1

I am trying to do dot product of very large 2 dask arrays X (35000 x 7500) and Y(7500 x 10). As the dot product will also be very large I am storing it in hdf5

f = h5py.File('output.hdf5')
f['output'] = X.dot(Y)

But the second command is not giving any output even though its almost 1 hour. What is wrong? Is there faster technique ? Is there issue of "chunks" while creating X and Y?

Kavan
  • 331
  • 1
  • 4
  • 13

1 Answers1

1

Consider the .to_hdf5 method or da.store function.

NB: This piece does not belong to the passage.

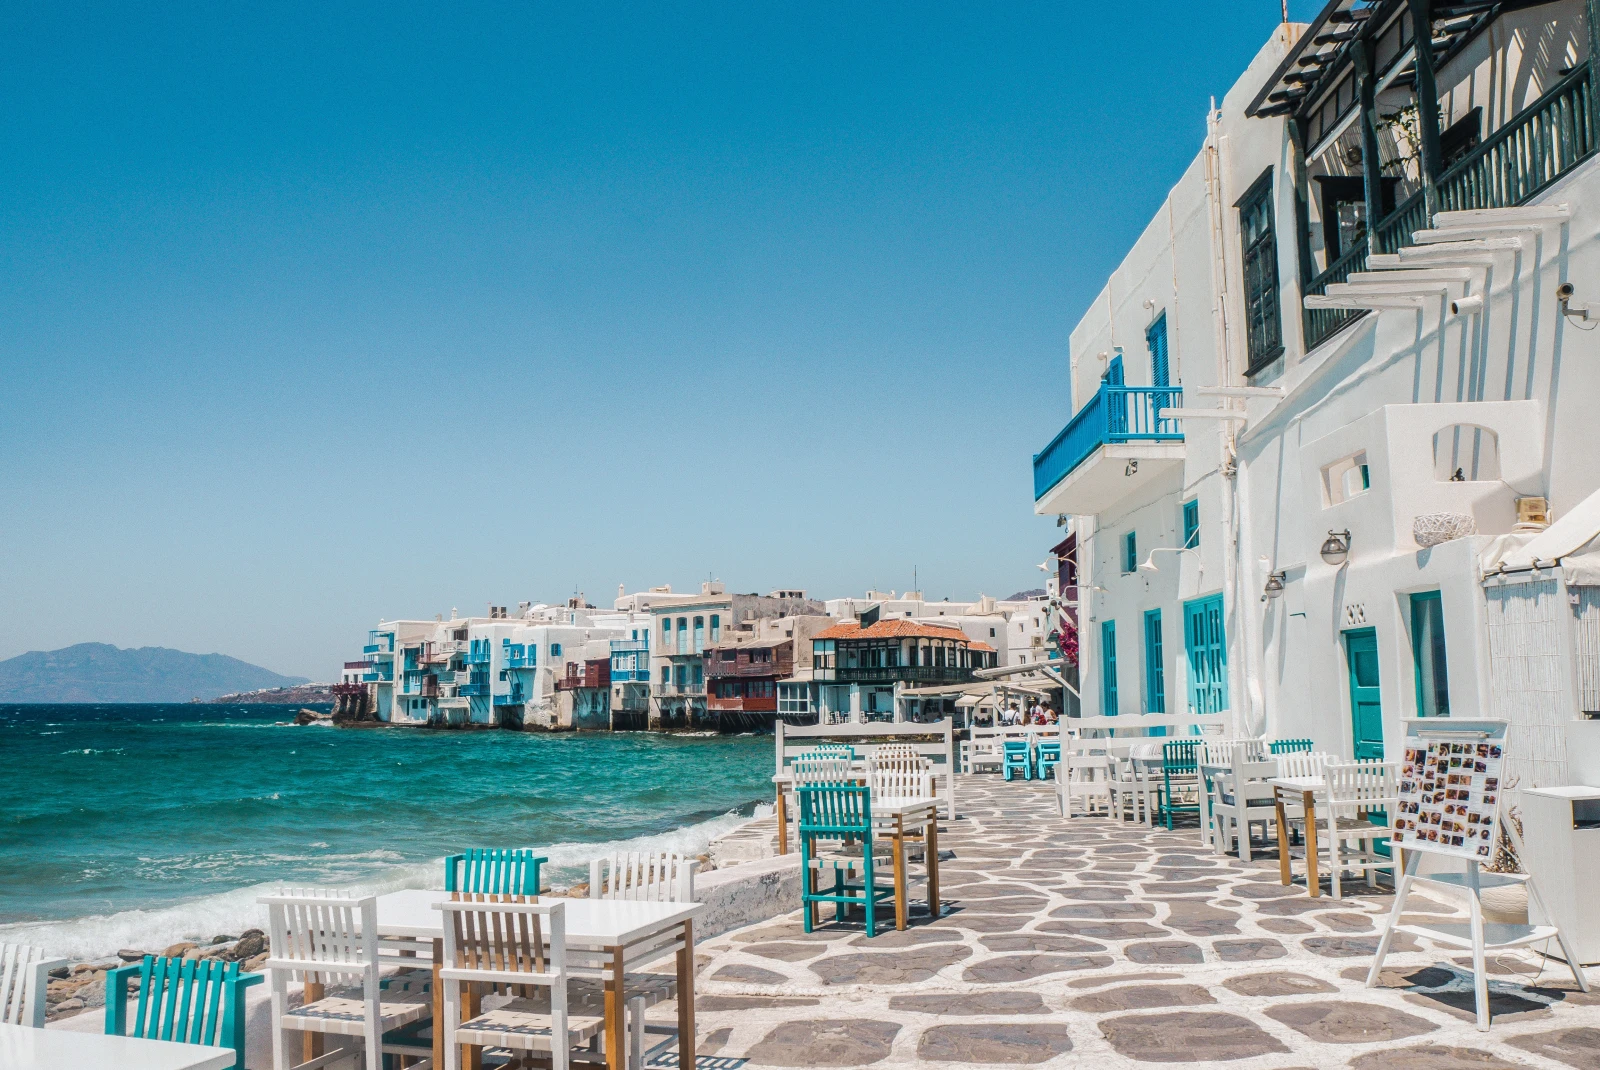 Island Hopping Around the Aegean Sea, Greece - Places to eat & drink

>>> X.dot(Y).to_hdf5('output.hdf5', 'output')

or

>>> output = f.create_dataset('/output', X.dot(Y).shape, X.dot(Y).dtype)
>>> da.store(X.dot(Y), output)

The to_hdf5 method is probably easier for you. The da.store method is general to other formats as well.

The __setitem__ function in H5Py (what you're using when you say f['output'] = ... is hardcoded to use NumPy arrays.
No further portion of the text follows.